■ Directions for this task
Transcribe exactly, and without pictures, only the lines from the one bearing "Scalloped Red Ceramic" through the final line of the data below.

■ Supplied data

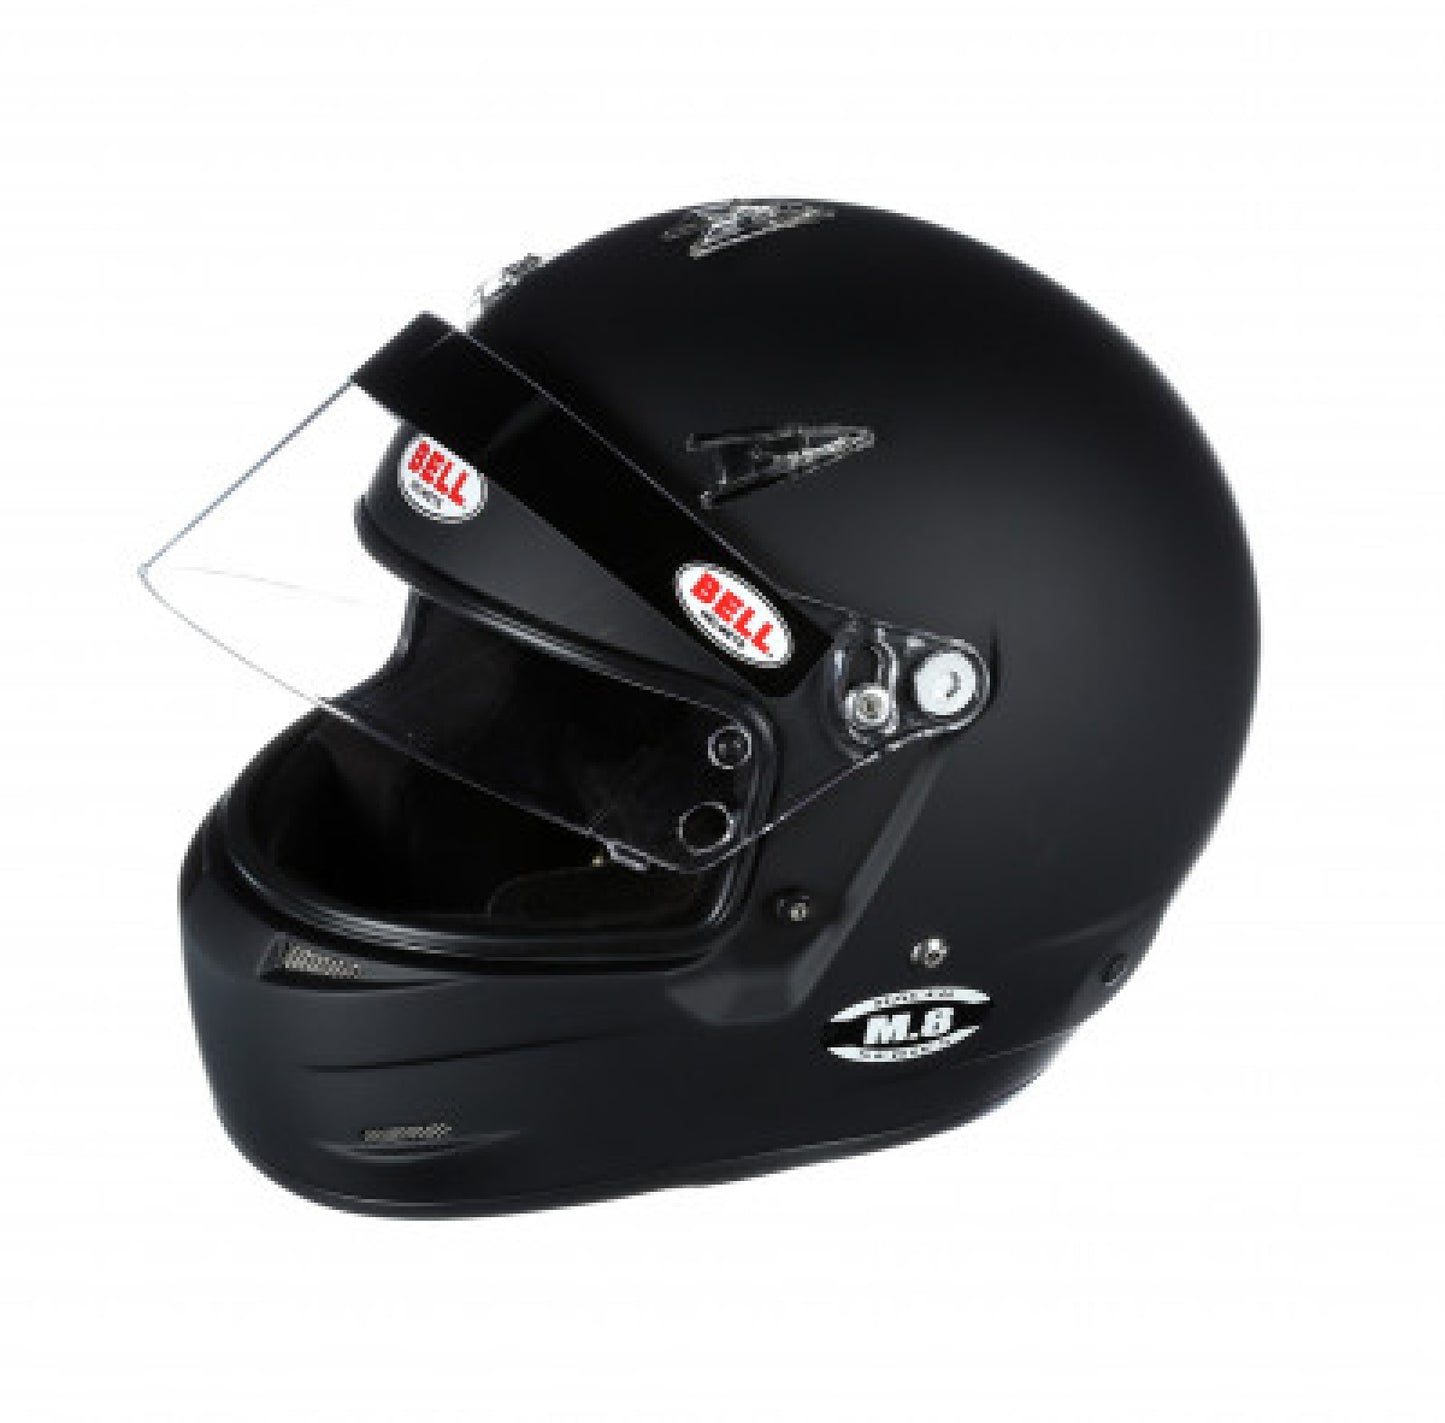 Bell M8 Racing Helmet-Matte Black Size Extra Large 1419A16
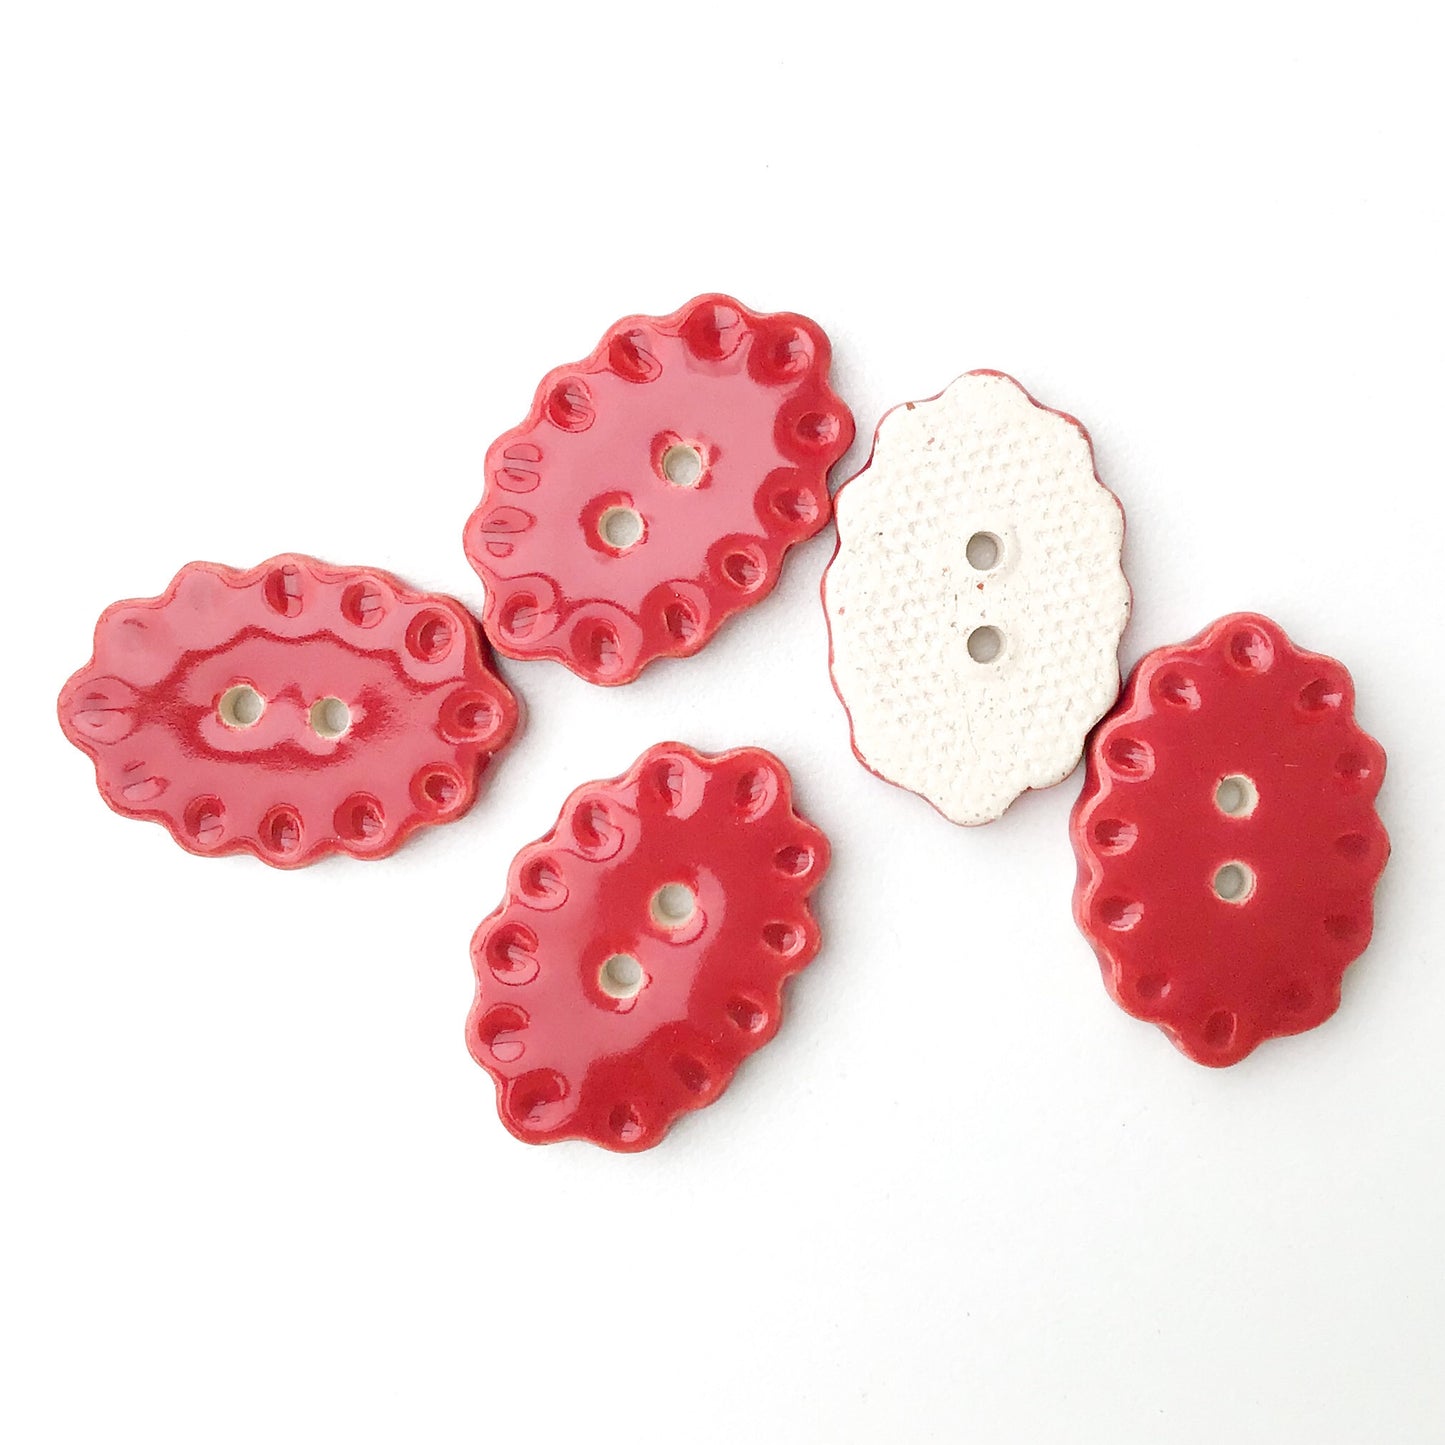 Scalloped Red Ceramic Buttons  3/4" x 1-1/16" - 5 Pack
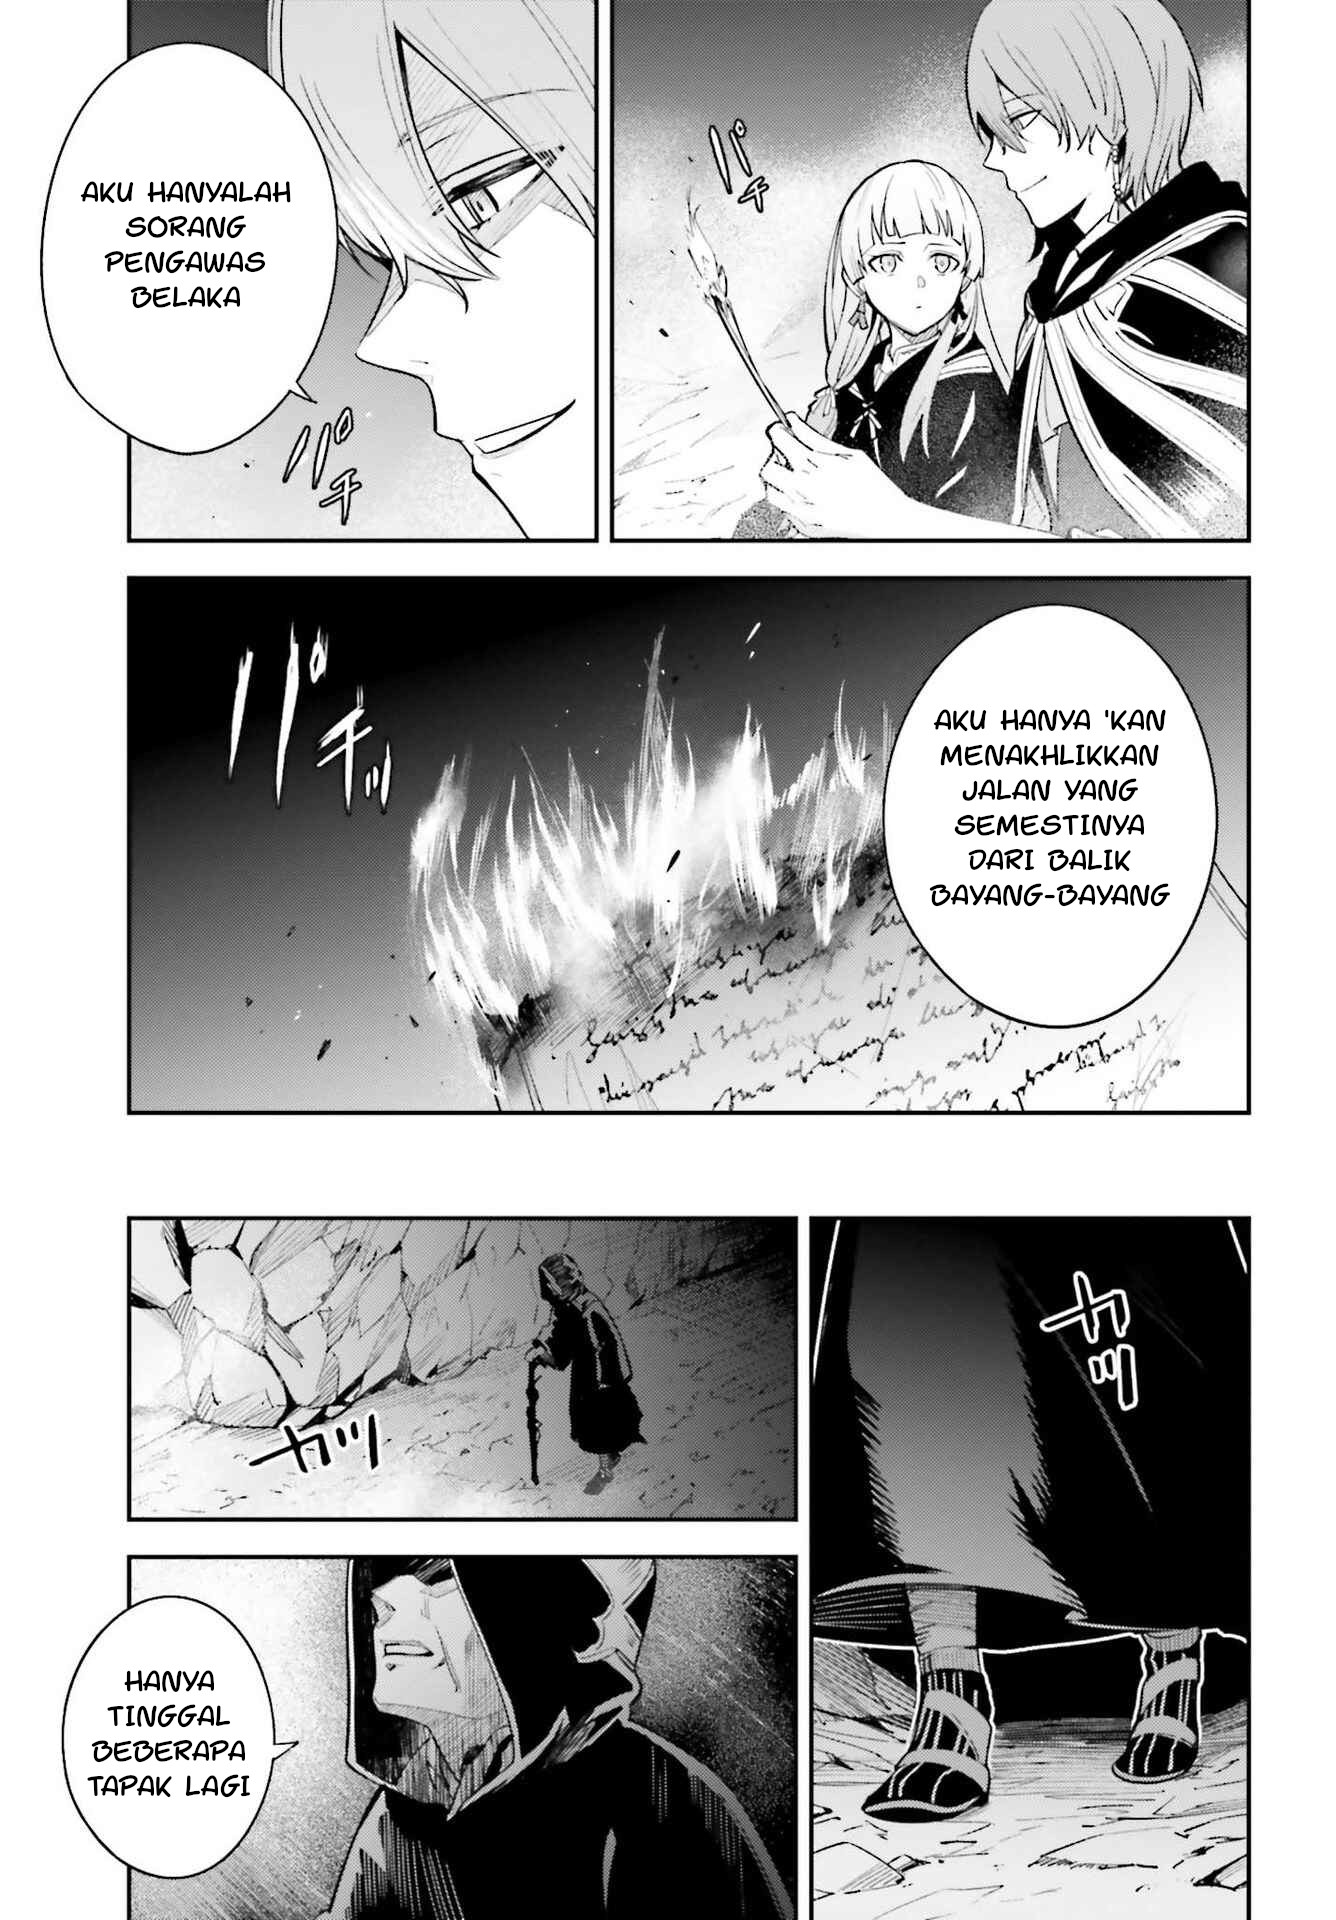 Unnamed Memory Chapter 5.5 Bahasa Indonesia

■ Written response
 Scalloped Red Ceramic Buttons  3/4" x 1-1/16" - 5 Pack
 Unnamed Memory Chapter 5.5 Bahasa Indonesia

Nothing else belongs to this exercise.